Le cinéaste n'a rien d'un idéaliste et a "l'impression que l'histoire américaine est devenue un conte Disney". Son cauchemar ? Qu'on l'enferme à Disneyland pour le reste de sa vie. Mais pas question pour le réalisateur de se revendiquer comme un chantre du cinéma politique. "Je ne fais pas de cinéma politique ! J'ai fait des films sur des criminels, du football, de l'économie, de l'histoire... Jason Bourne est très bien fait. Mais si je rencontre un Snowden et que j'apprends ce que j'apprends, comment pourrais-je préférer un Bourne?", explique-t-il au Point.

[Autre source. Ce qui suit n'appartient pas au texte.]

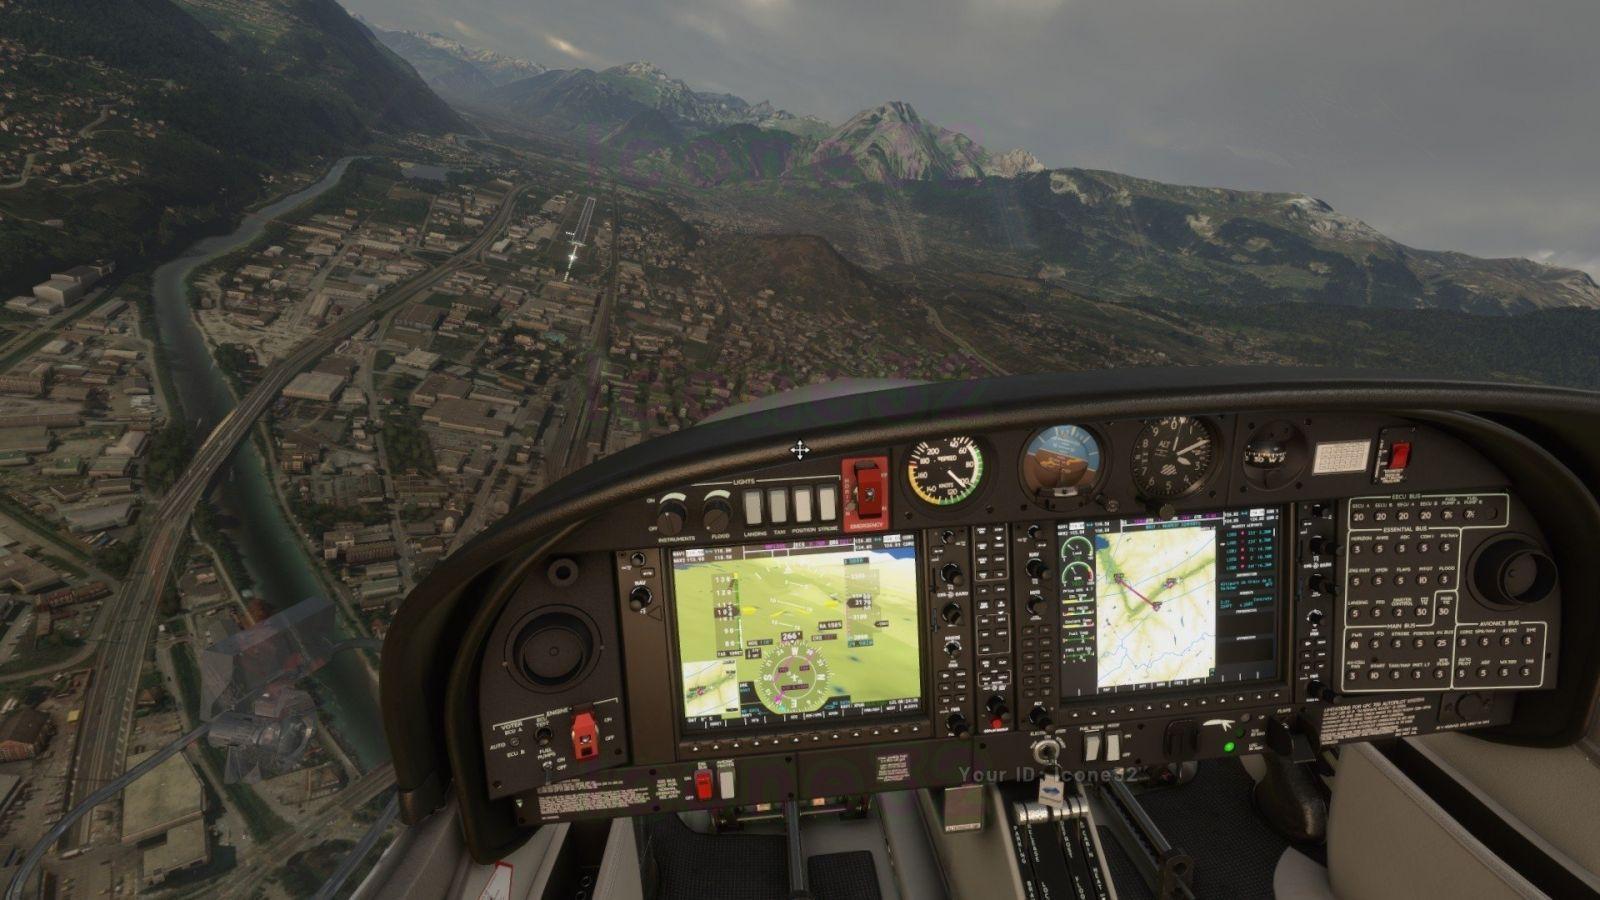 Названа дата релиза Microsoft Flight Simulator 2020 (lineup.jpg.178aa6de67d67c5bda43c8c9fbc5b0bf)
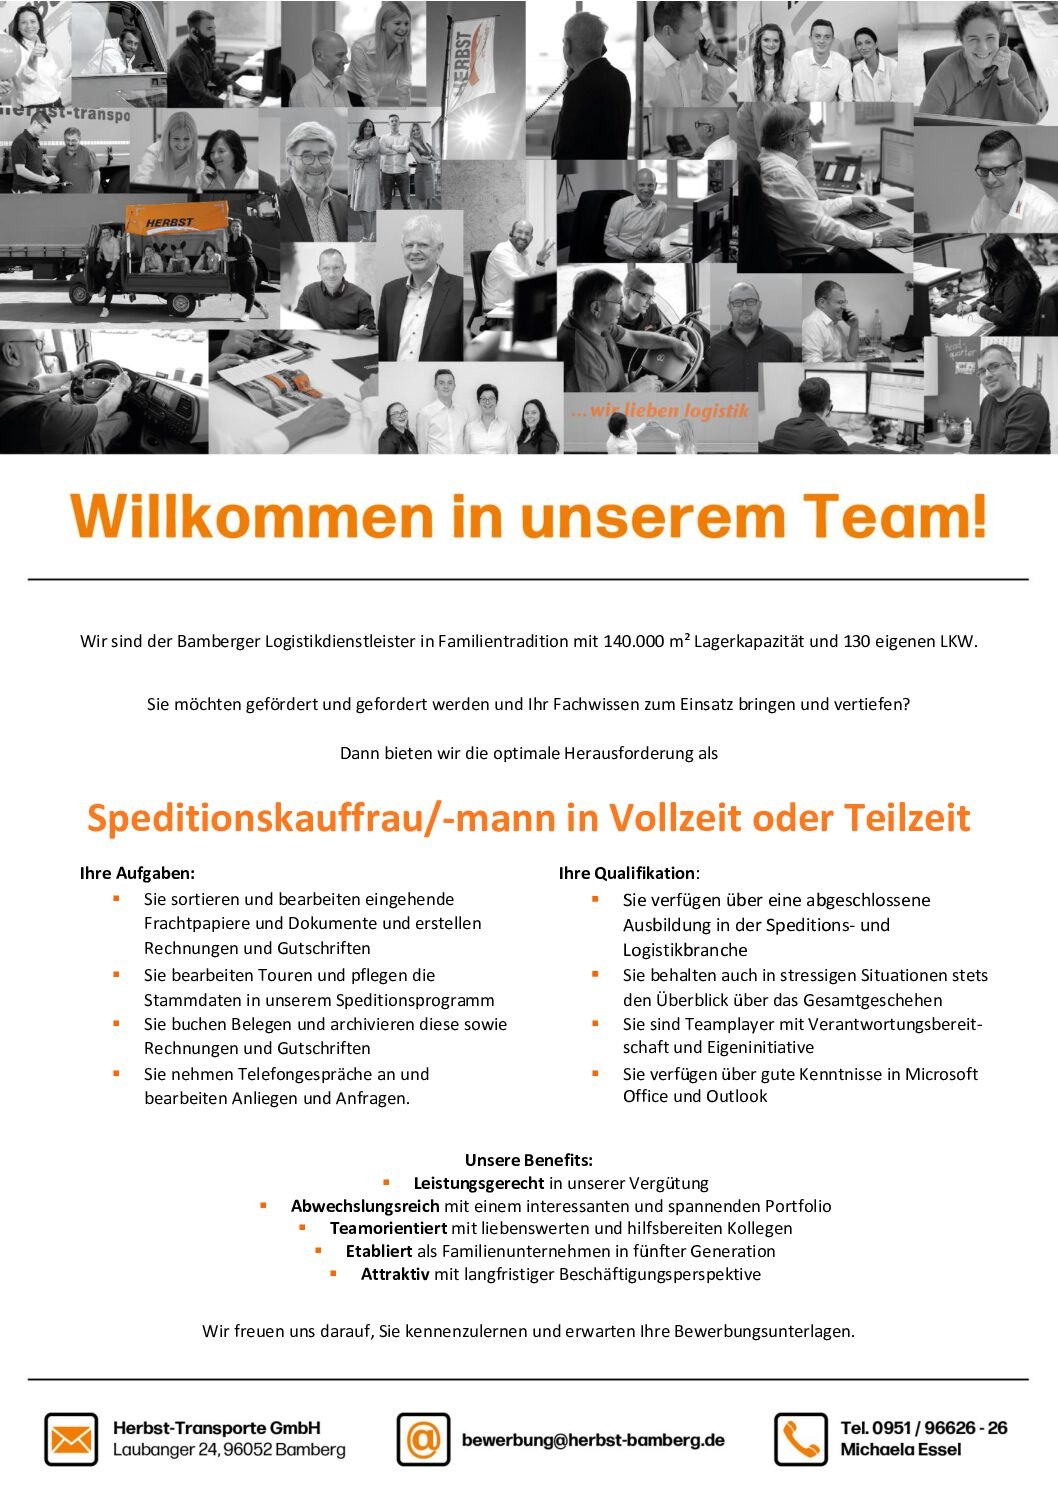 Willkommen In Unserem Team! – Speditionskauffrau/-mann In Vollzeit Oder Teilzeit Gesucht

Décrit par AlloCiné comme ayant "un tempérament aventurier", Oliver Stone restera marqué par son engagement dans l'armée américaine et la guerre du Vietnam. "Il rentrera au pays auréolé de deux prestigieuses décorations (l’Étoile de Bronze et la Purple Heart) (...) Son orientation politique et artistique s'en ressentira", ajoute le site. Et c'est ainsi qu'Oliver Stone ne cache pas son côté paranoïaque et ajoute dans Sud Ouest : "Vous devriez l'être aussi !". Ce n'est pas la première fois que ce réalisateur décide de s'attaquer à une histoire vraie et soumise à des théories controversées. En particulier dans un film sorti en 1991, dont le titre, comme Snowden, est le nom du personnage central de l'histoire, JFK. Oliver Stone bouscule les certitudes et livre une contre-enquête sur la mort du président américain.